Segment Open
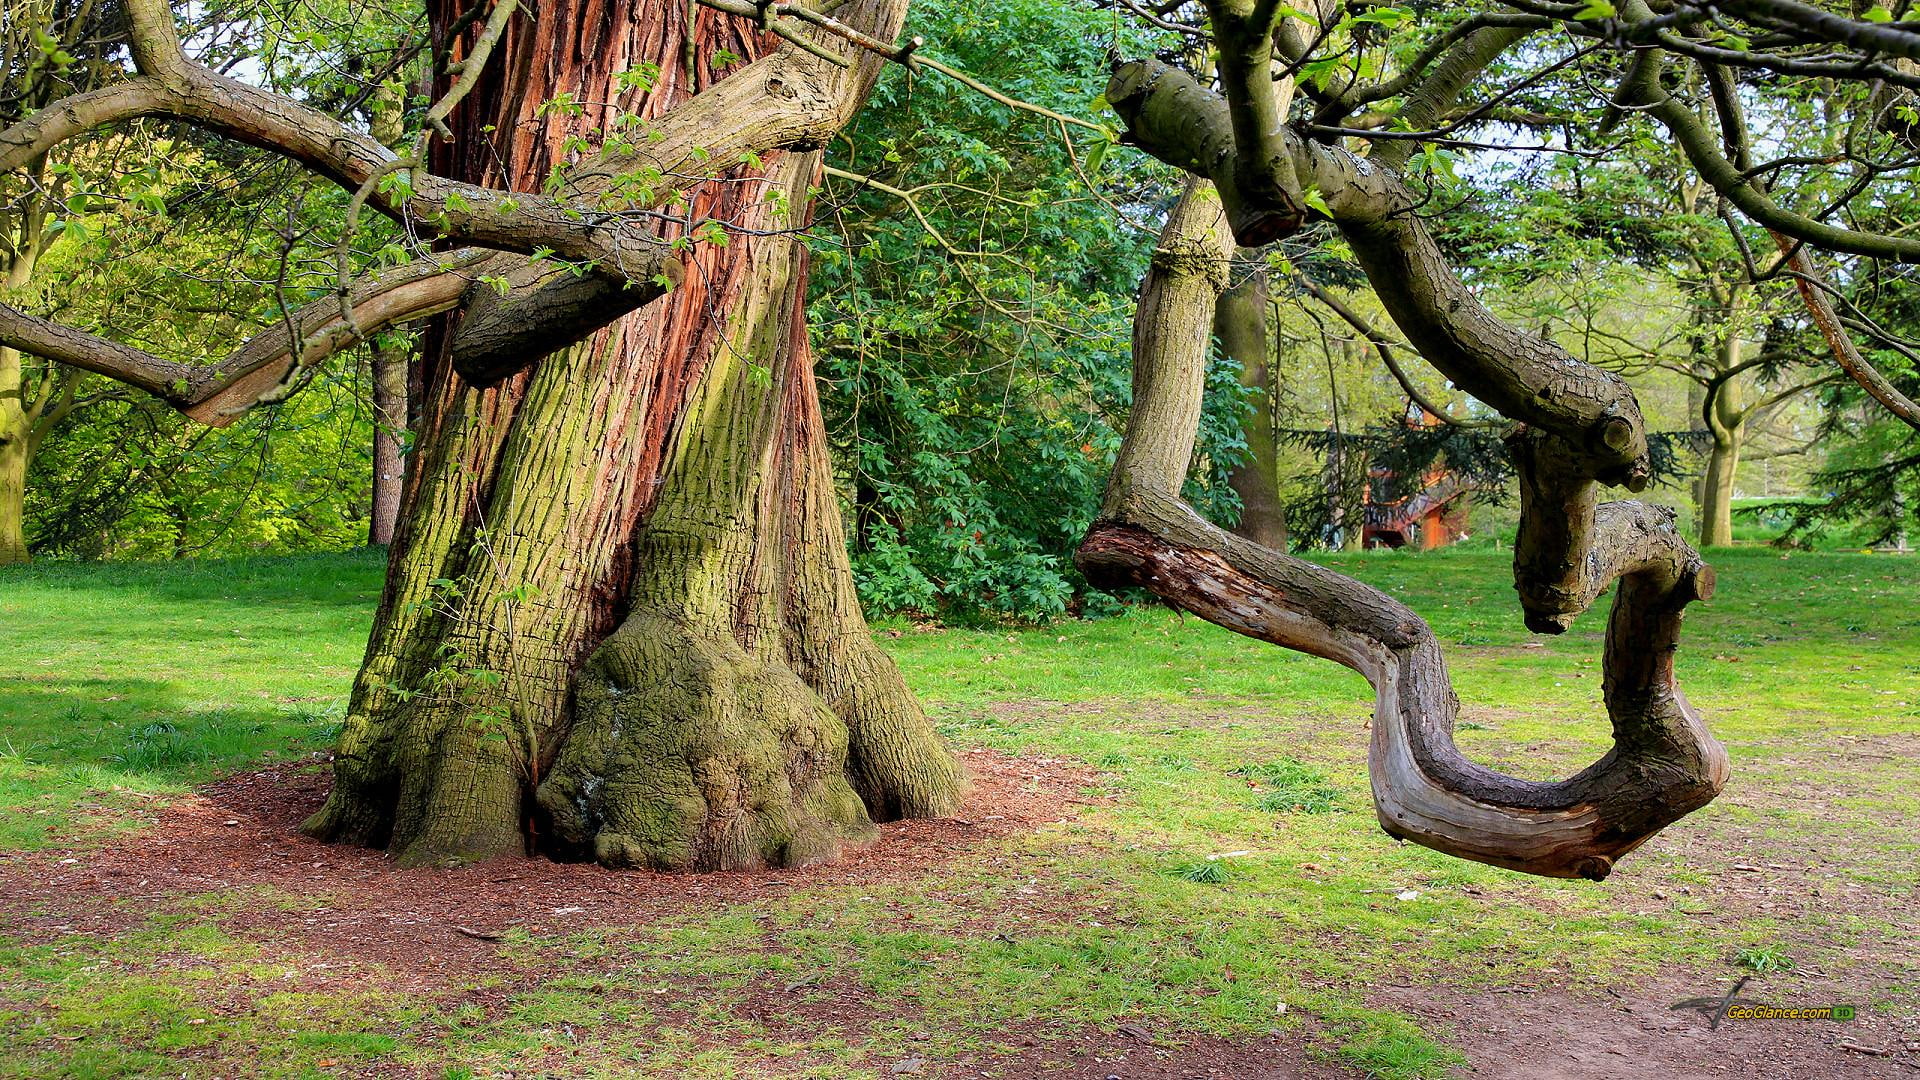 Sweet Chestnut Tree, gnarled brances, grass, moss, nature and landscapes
Segment Closed
Segment Open
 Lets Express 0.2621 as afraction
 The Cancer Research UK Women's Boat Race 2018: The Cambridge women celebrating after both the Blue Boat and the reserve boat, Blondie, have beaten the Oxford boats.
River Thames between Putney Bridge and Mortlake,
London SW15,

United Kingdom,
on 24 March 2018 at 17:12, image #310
Segment Closed
▶ [Exercise prompt] Among the records above, only the lines between the line holding "River Thames between" and the line holding "on 24 March 2018 at 17:12, image #310", inclusive, are to be output, exactly as written.

▶ [Completed exercise]
River Thames between Putney Bridge and Mortlake,
London SW15,

United Kingdom,
on 24 March 2018 at 17:12, image #310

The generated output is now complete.